Another note that I'd bring up here is that thresholds and the end-of-test summary might need to be considered together. They are pretty closely tied together in the current k6 implementation, after all. And while that's not a good reason to continue doing so, it results in some pretty good UX and it might even be easier to consider them together when it comes to implementing this feature too.

Also, it'd be tricky how this is handled in the cloud, which doesn't currently support external outputs. That probably needs to be supported before this feature.

Distributed Execution

In any case, I started replying here to explain why I chose to add support for metrics (both for the end-of-test summary and for thresholds) in my distributed execution PoC. It was simply because it makes for the best user experience to have the same consistent k6 behavior in both local and distributed tests, as much as that is practically possible. And, in this case, it was fairly easy to add support for metrics, so I did... :sweat_smile:

I will probably publish the full design doc on Monday, but over the last few days I worked hard on splitting https://github.com/grafana/k6/pull/2816 into even smaller self-sufficient and atomic commits. https://github.com/grafana/k6/pull/2816#issuecomment-1635466149 contains the details, but now the actual distributed execution (including setup() and teardown()) is a separate commit from adding support for metrics during it.

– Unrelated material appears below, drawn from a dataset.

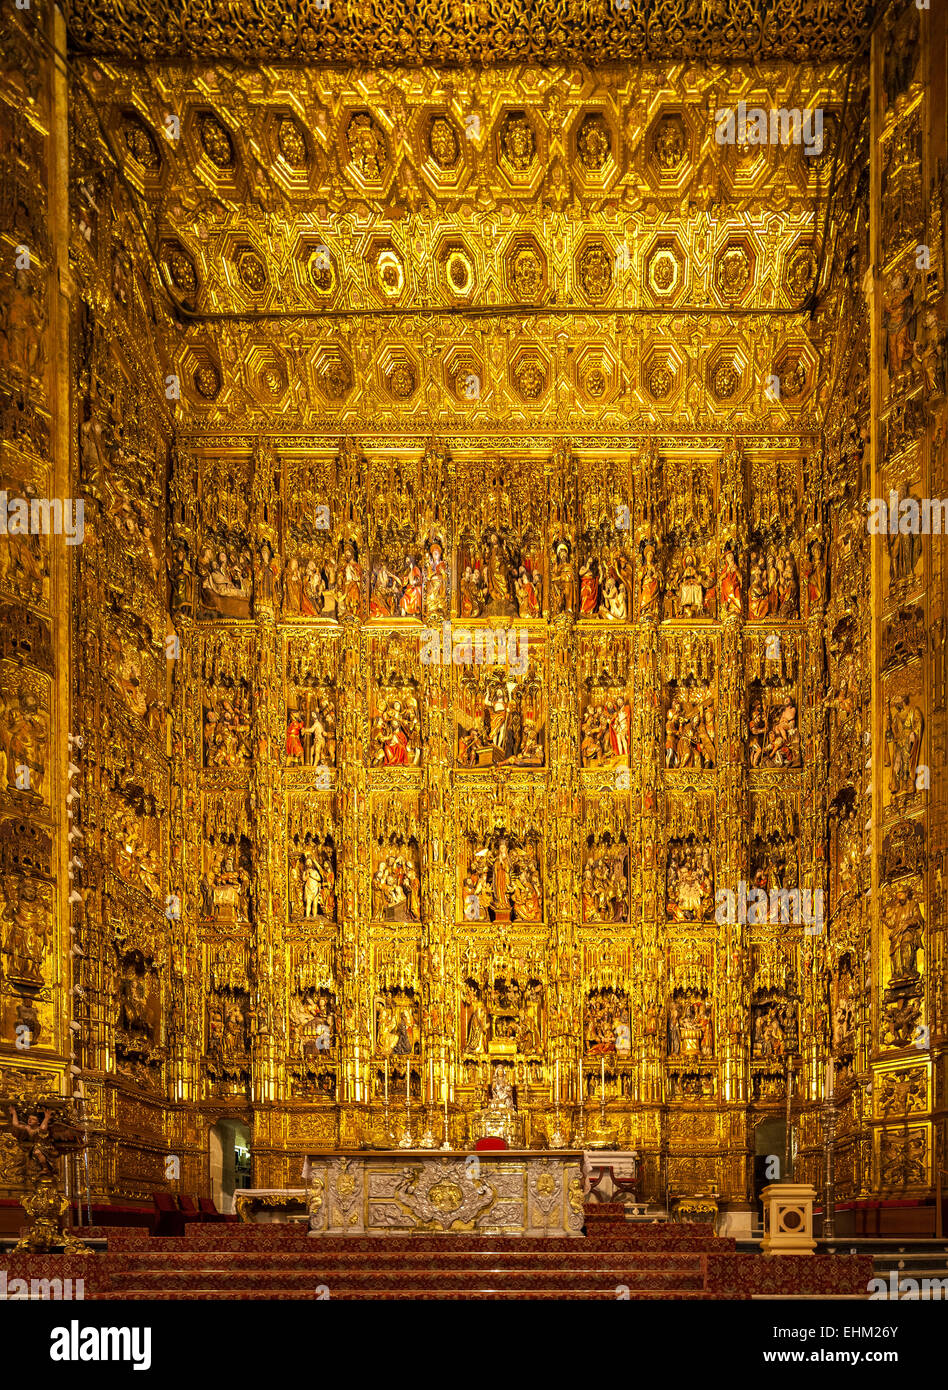 Das größte Altarbild, retablo, reredos, in der Welt in der Kathedrale von Sevilla, Catedral Sevilla Spanien. Stockfoto

And the Support thresholds and the end-of-test summary in distributed execution commit (the actual link might be stale due to future rebases, look up the latest one) is relatively tiny, just 11 files changed, 609 insertions(+), 42 deletions(-). Actually it's more like half of that, given that most of the commit is Go-generated code from protobuf definitions... Admittedly, it is also without tests and with a very poorly performing implementation (e.g. no HDR histograms), but it's still indicative that the actual complexity of supporting metrics in a distributed test run is not very high.

Moreover, the way it's implemented should allow any future improvements to the built-in k6 thresholds to seamlessly apply to distributed test runs too, without any extra complexity! :tada: :crossed_fingers: That's because we are literally reusing most of the same code that powers thresholds and the end-of-test summary for local single-instance k6 run tests.

And, as you say, it's unlikely that the current thresholds will disappear. They might even see improvements even if external thresholds are also adopted. So it makes sense to me to support them in both local and distributed test runs, given the low effort required.

soggycactus commented 8 months ago

+1 for this feature request - it would be great to have the ability to query a Prometheus formatted metrics endpoint for threshold evaluation

tsloughter commented 4 months ago

I was looking for this feature and got pointed here.